I think having them auto-set each other would be the most user friendly option.

> Re Linux silent truncation: agreed, it's scary and gives the impression that setsockopt() worked, when really it didn't do anything at all

Yes.  It would be a good idea to hop on a Linux kernel IRC channel/mailing list and ask them.  Last time I did this I got some pretty useful information which changed my world view.
Comment 16 Cameron Sparr 2015-11-12 19:54:38 UTC
I forgot that it's actually spelled out pretty clearly in the comments of the code:

/* Don't error on this BSD doesn't and if you think
 * about it this is right. Otherwise apps have to
 * play 'guess the biggest size' games. RCVBUF/SNDBUF
 * are treated in BSD as hints
 */
val = min_t(u32, val, sysctl_rmem_max);

So essentially they are just treating those buffer sizes as "hints". It makes some sense, because they are correct about applications having no idea what size they can actually set it to (without root access to the system).

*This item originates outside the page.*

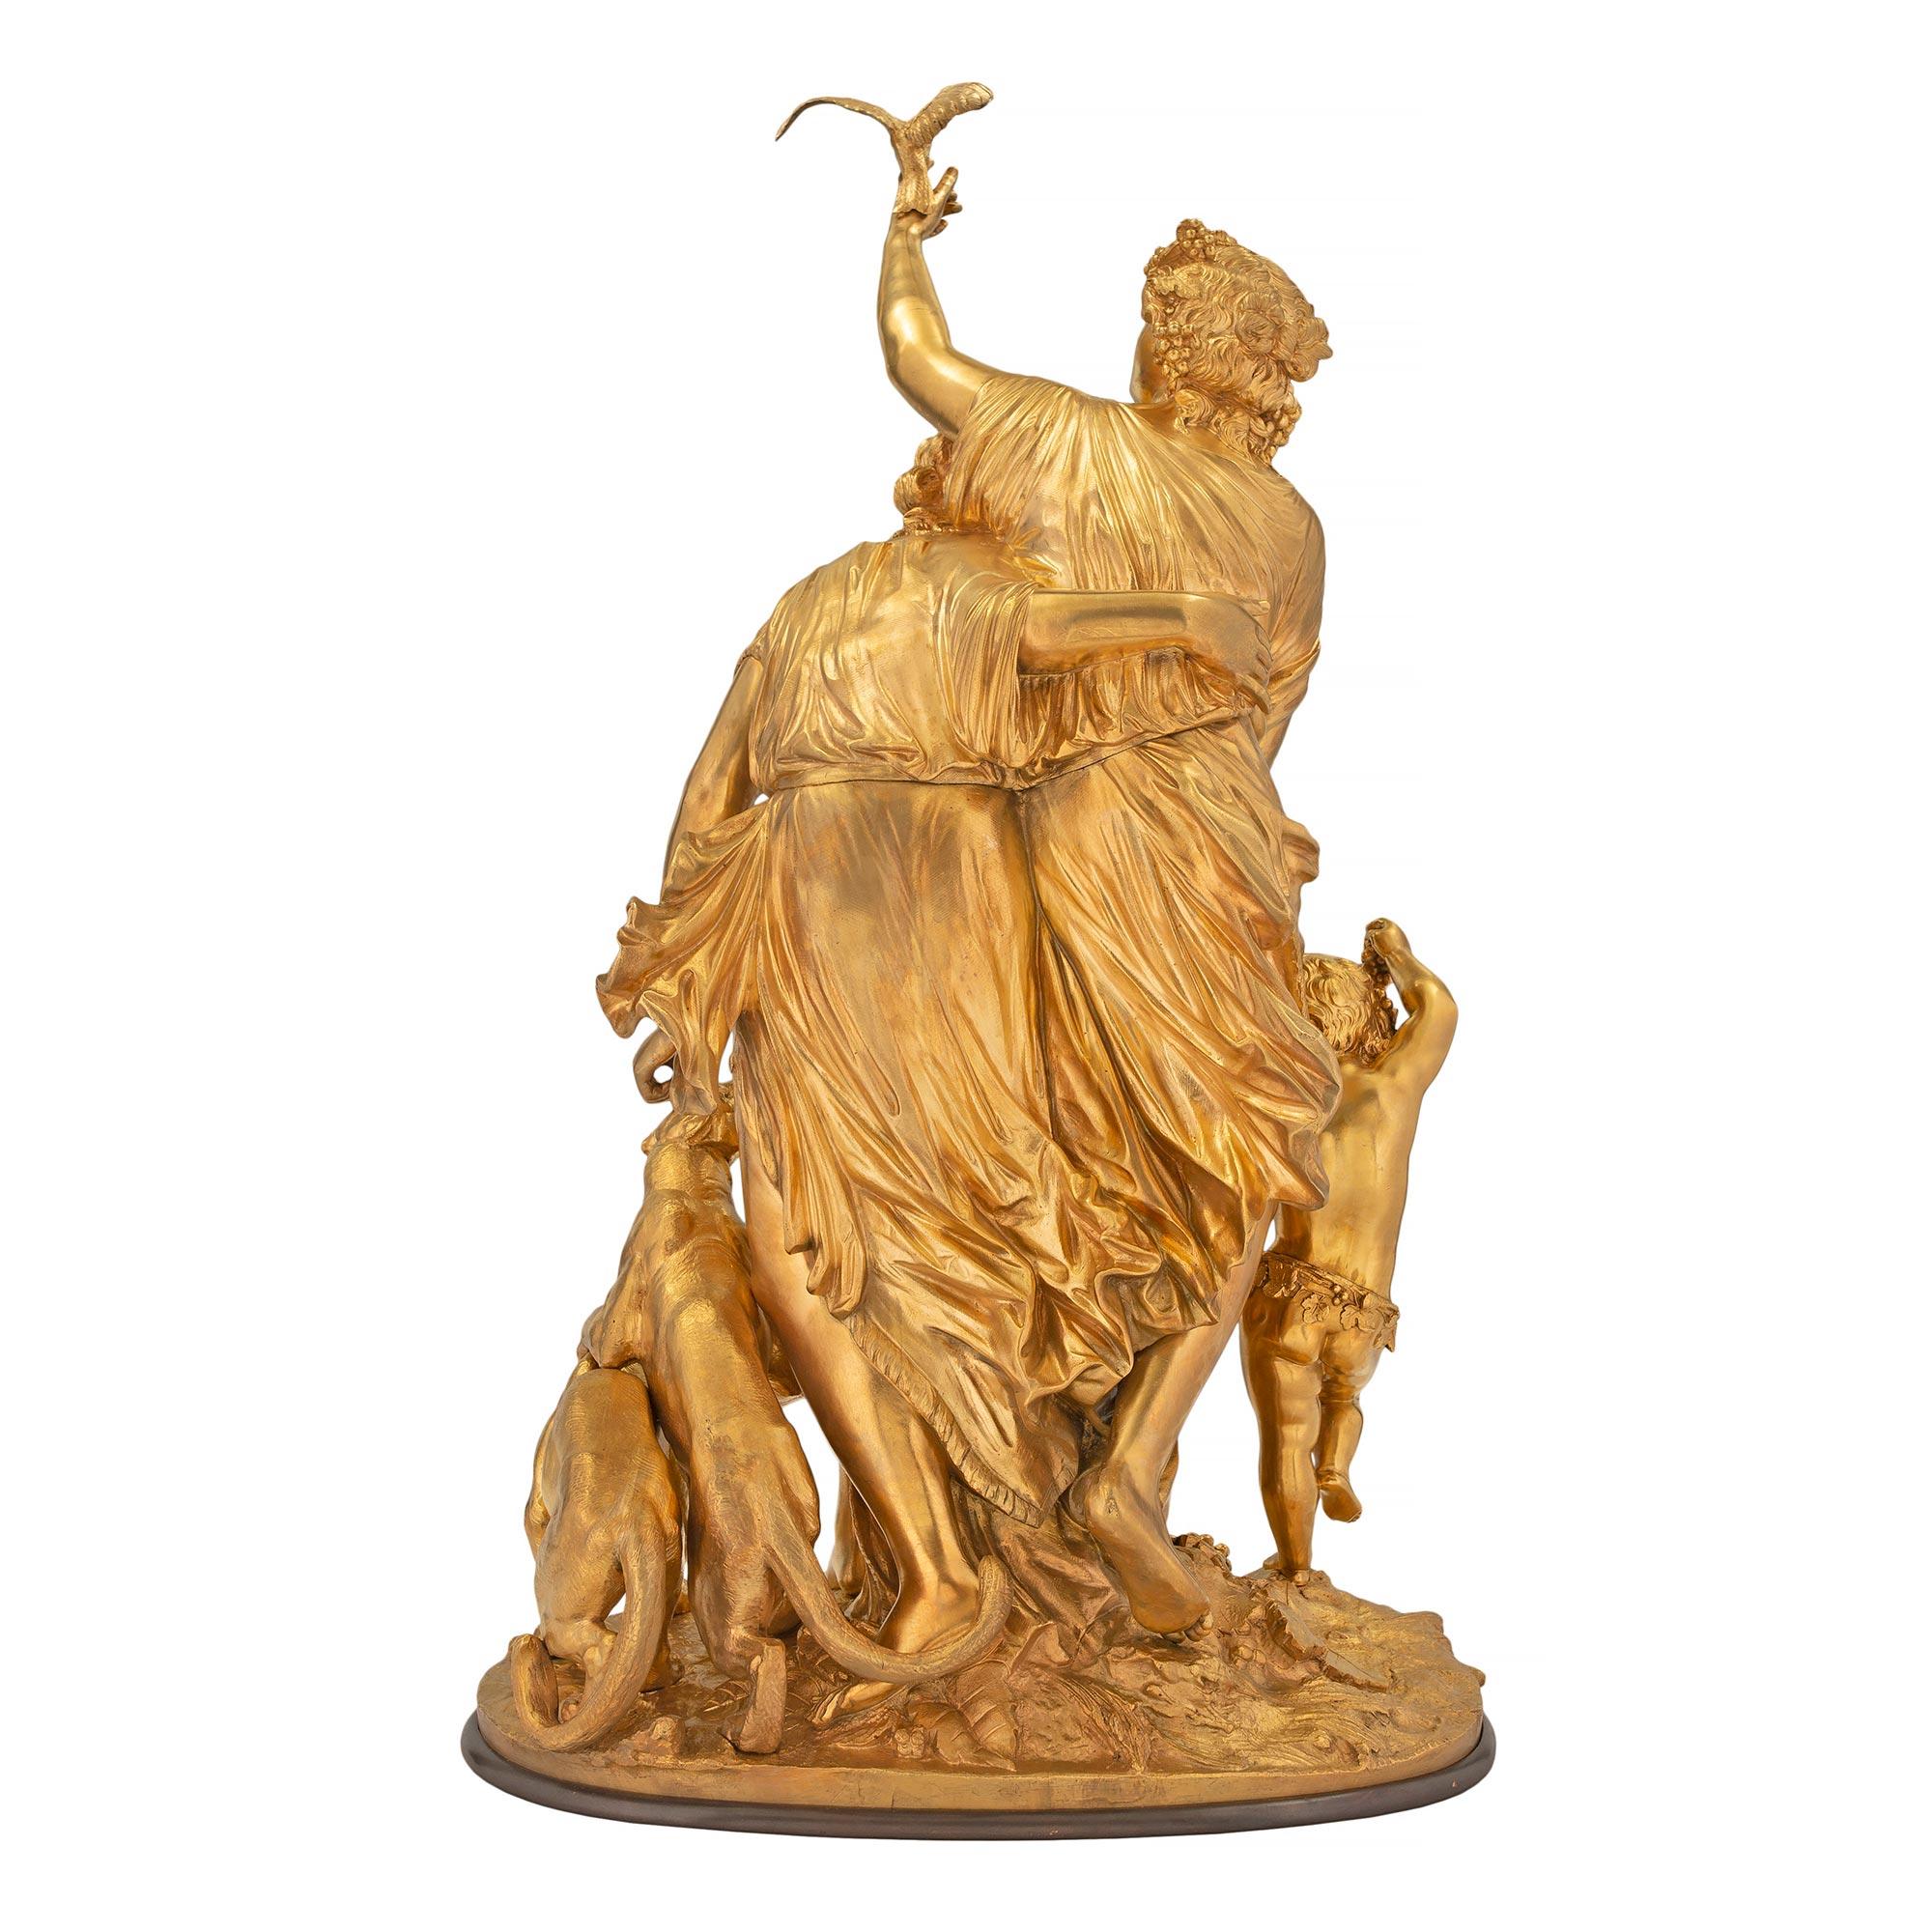 French Mid-19th Century Louis XVI Style Ormolu & Bronze Statue, Signed Delesalle For Sale 1

So that would be another option, which is to just set the buffer to min(cc, sb_max_adj)
Comment 17 Alfred Perlstein freebsd_committer 2015-11-13 22:42:41 UTC
That is interesting... how to applications warn "your system doesn't have sufficient buffering enabled for performance" ?
Comment 18 Cameron Sparr 2015-11-16 16:29:30 UTC
@Alfred, I guess on Linux there is no way to warn about that, users would have to check the buffer size limits themselves.

In conclusion, should I change my patch to do what you originally suggested? Which is to have kern.ipc.maxsockbuf represent that maximum amount of DATA that the socket can handle?
Comment 19 Alfred Perlstein freebsd_committer 2015-11-17 02:00:04 UTC
For now it makes sense to implement the sysctls as described in comment #15.  changing the behavior at this point seems a bad idea.